YOUR INSTRUCTIONS
Output all of the data below without changing a word, and exclude the pictures.

SUPPLIED DATA
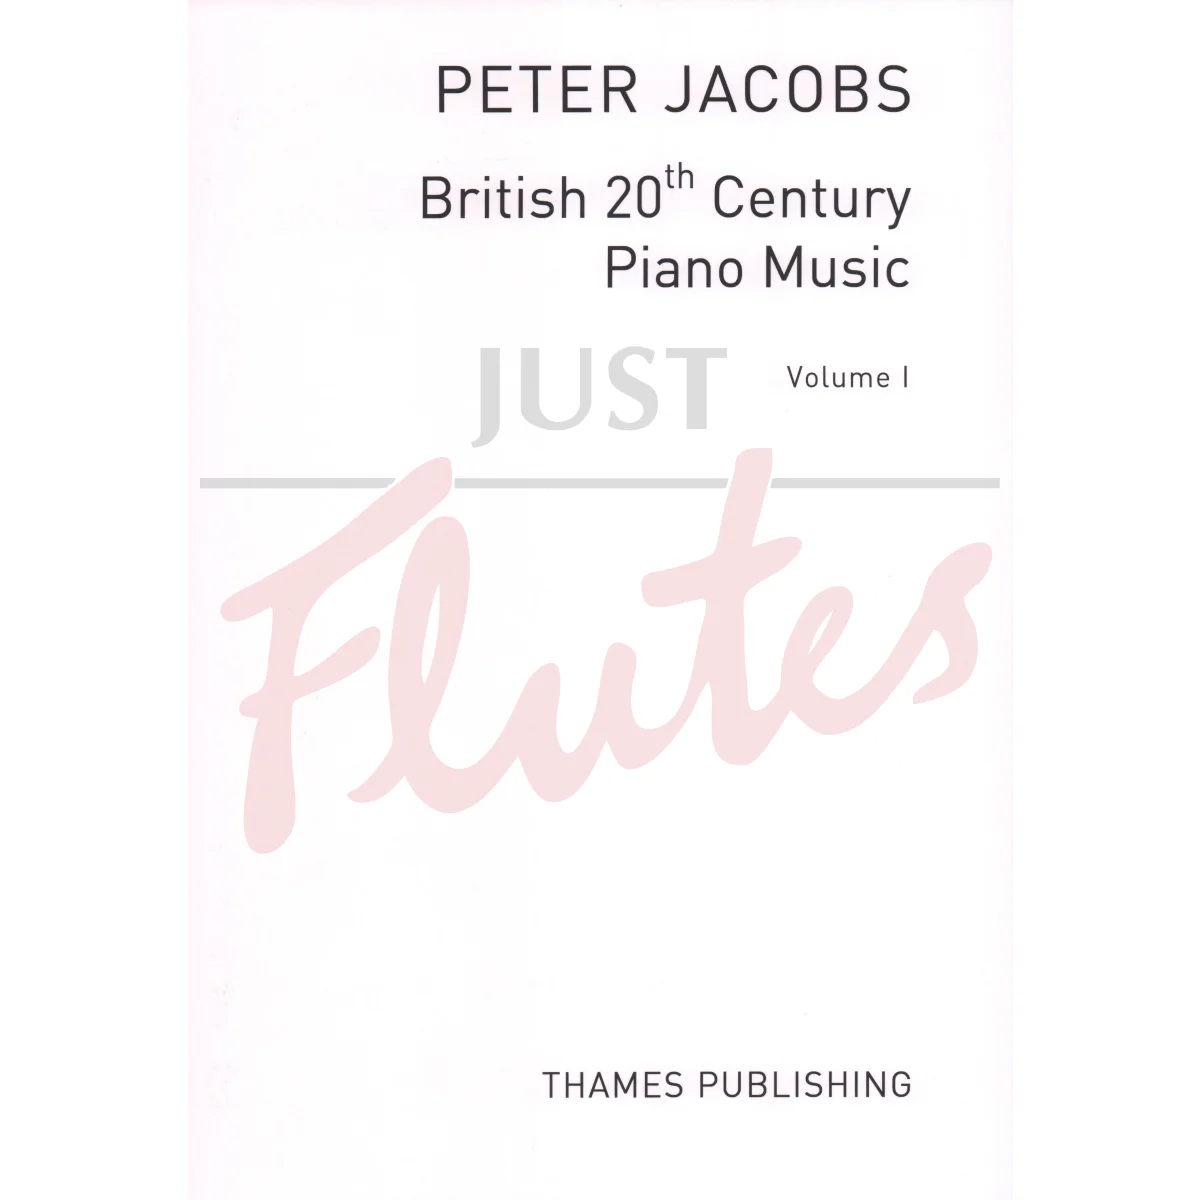 An Anthology of British 20th Century Piano Music Vol 1
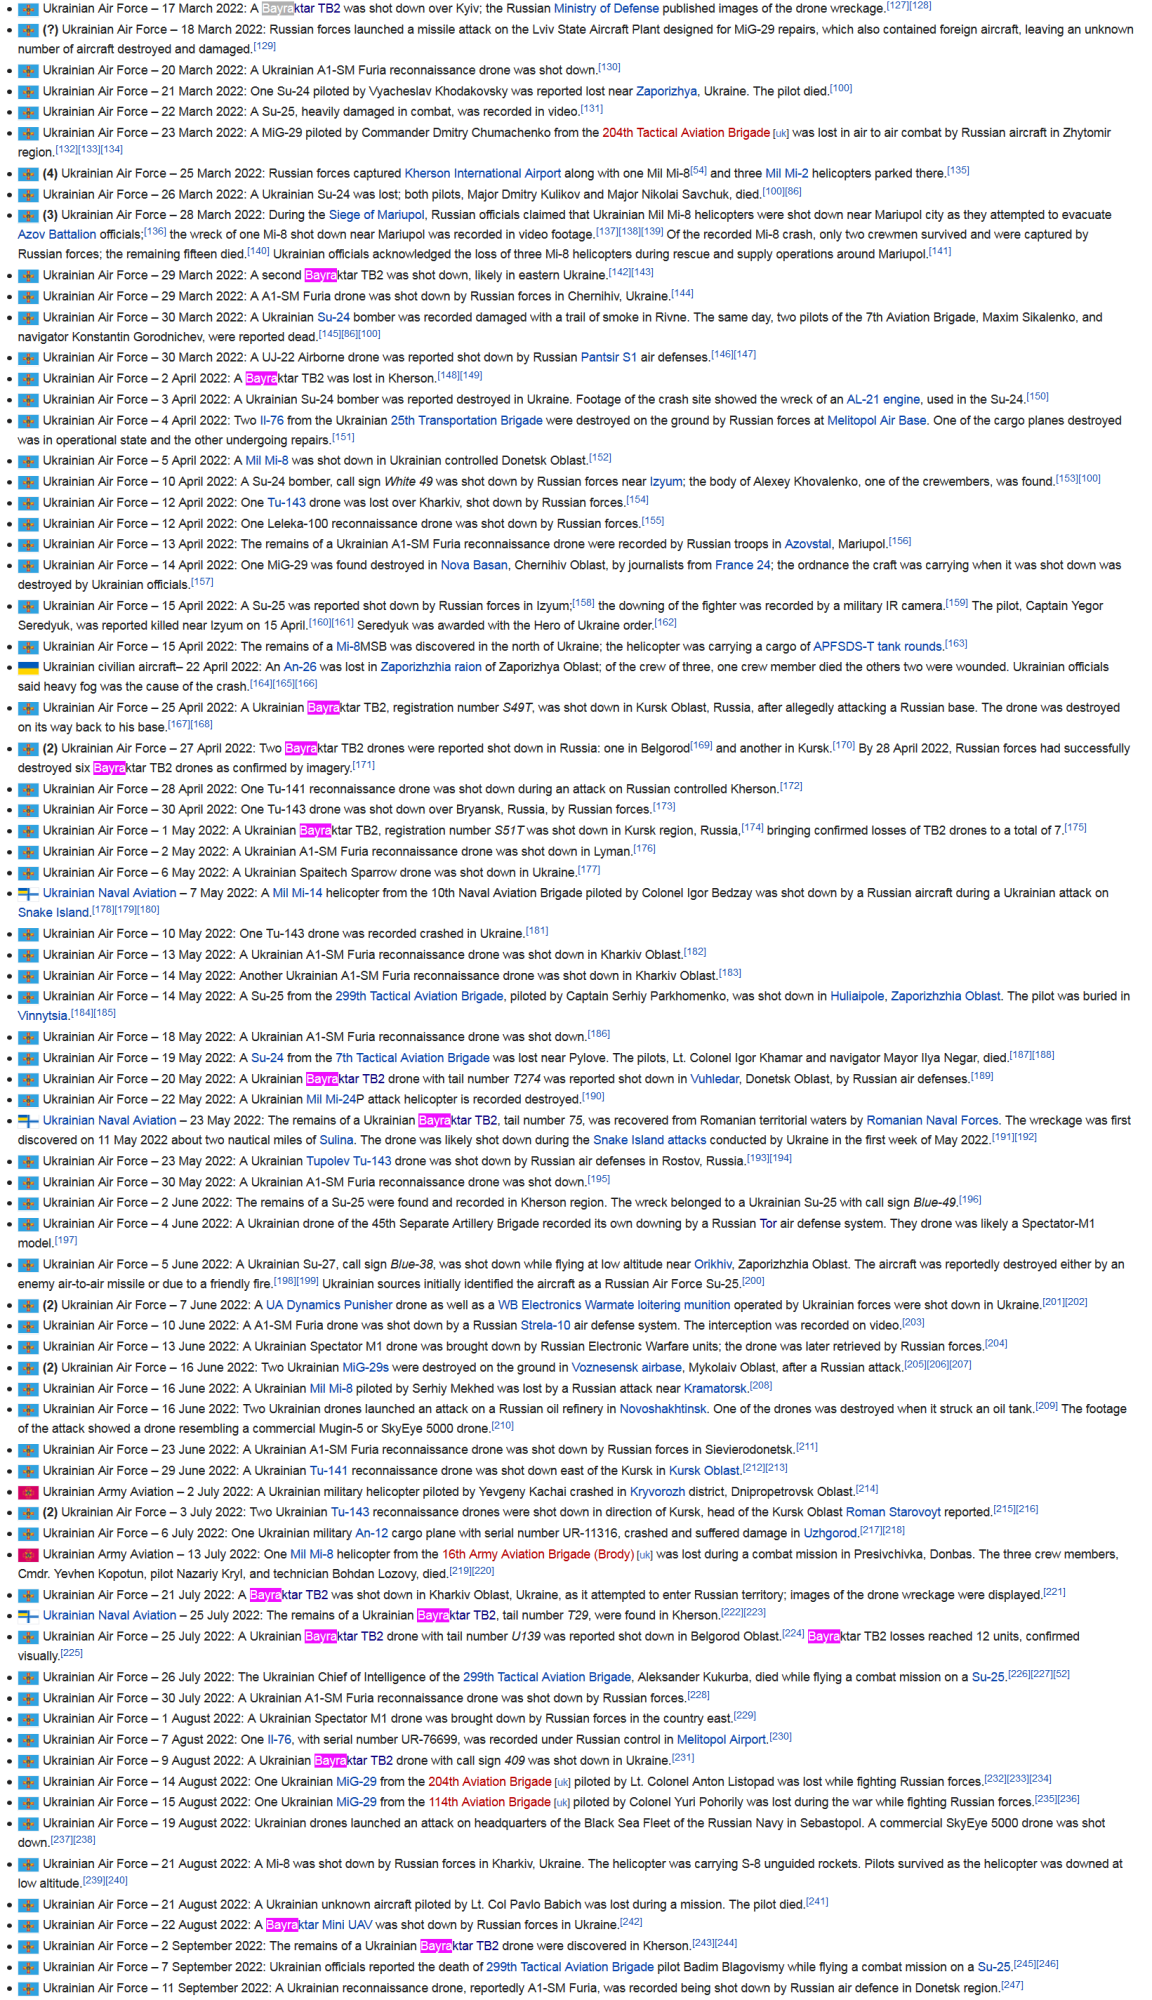 Screenshot_2022-09-15 List of aircraft losses during the Russo-Ukrainian War - Wikipedia.png
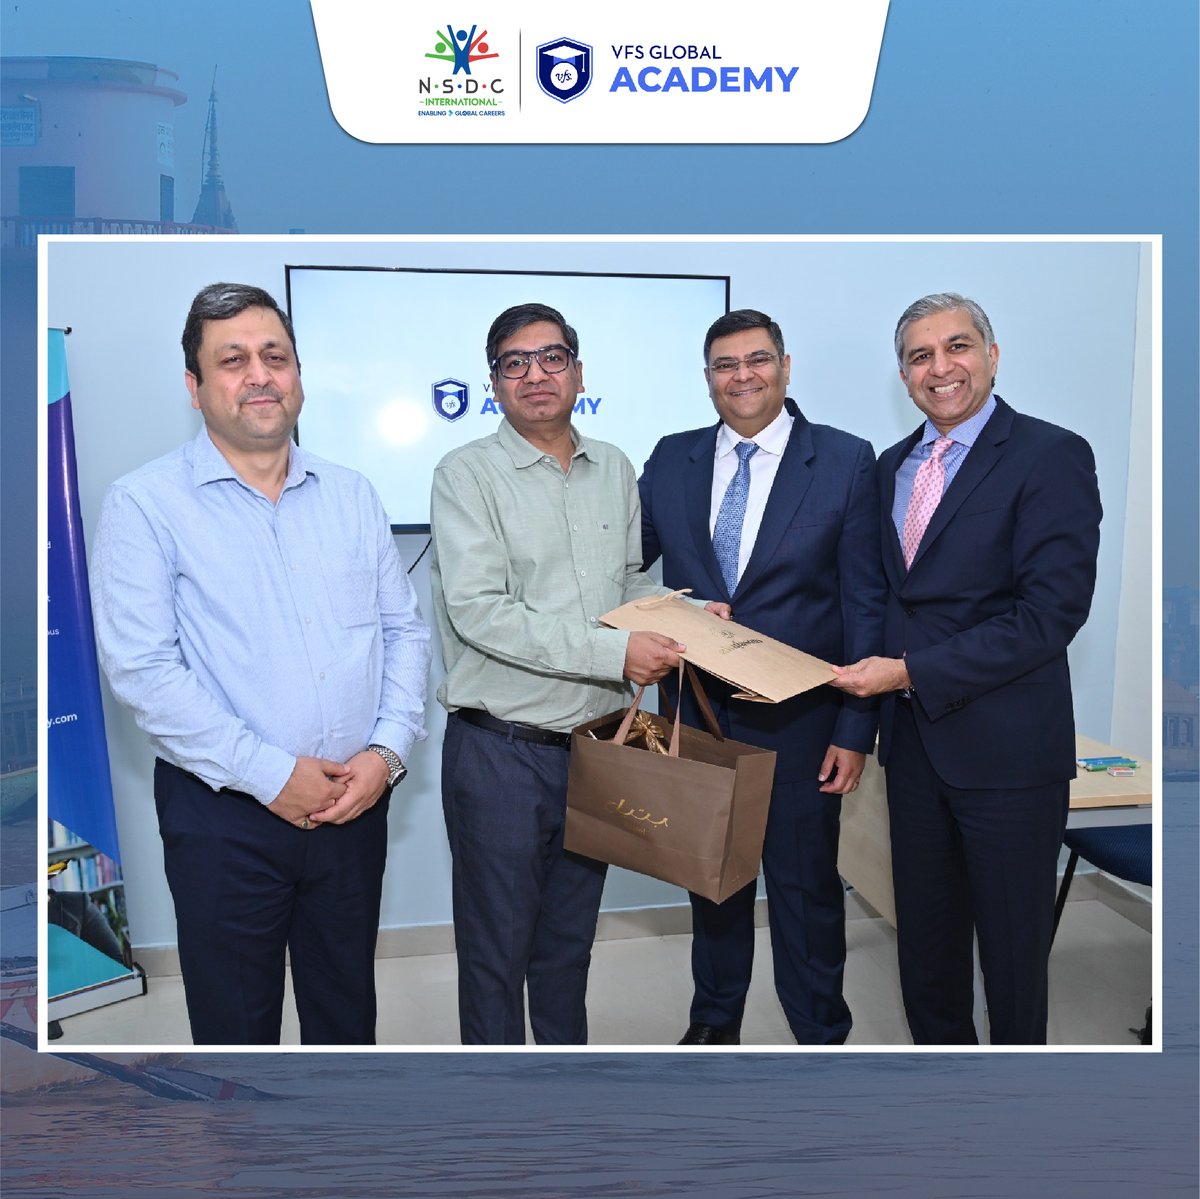 Empowering Varanasi's youth! NSDCI collaborates with VFS Global Academy to launch a top-notch Retail, Travel and Hospitality Training Academy in Varanasi! #SkillDevelopment #EmpoweringYouth #VaranasiEducationHub

PROBLEM SOLUTION
 An Anthology of British 20th Century Piano Music Vol 1
 Screenshot_2022-09-15 List of aircraft losses during the Russo-Ukrainian War - Wikipedia.png
 Empowering Varanasi's youth! NSDCI collaborates with VFS Global Academy to launch a top-notch Retail, Travel and Hospitality Training Academy in Varanasi! #SkillDevelopment #EmpoweringYouth #VaranasiEducationHub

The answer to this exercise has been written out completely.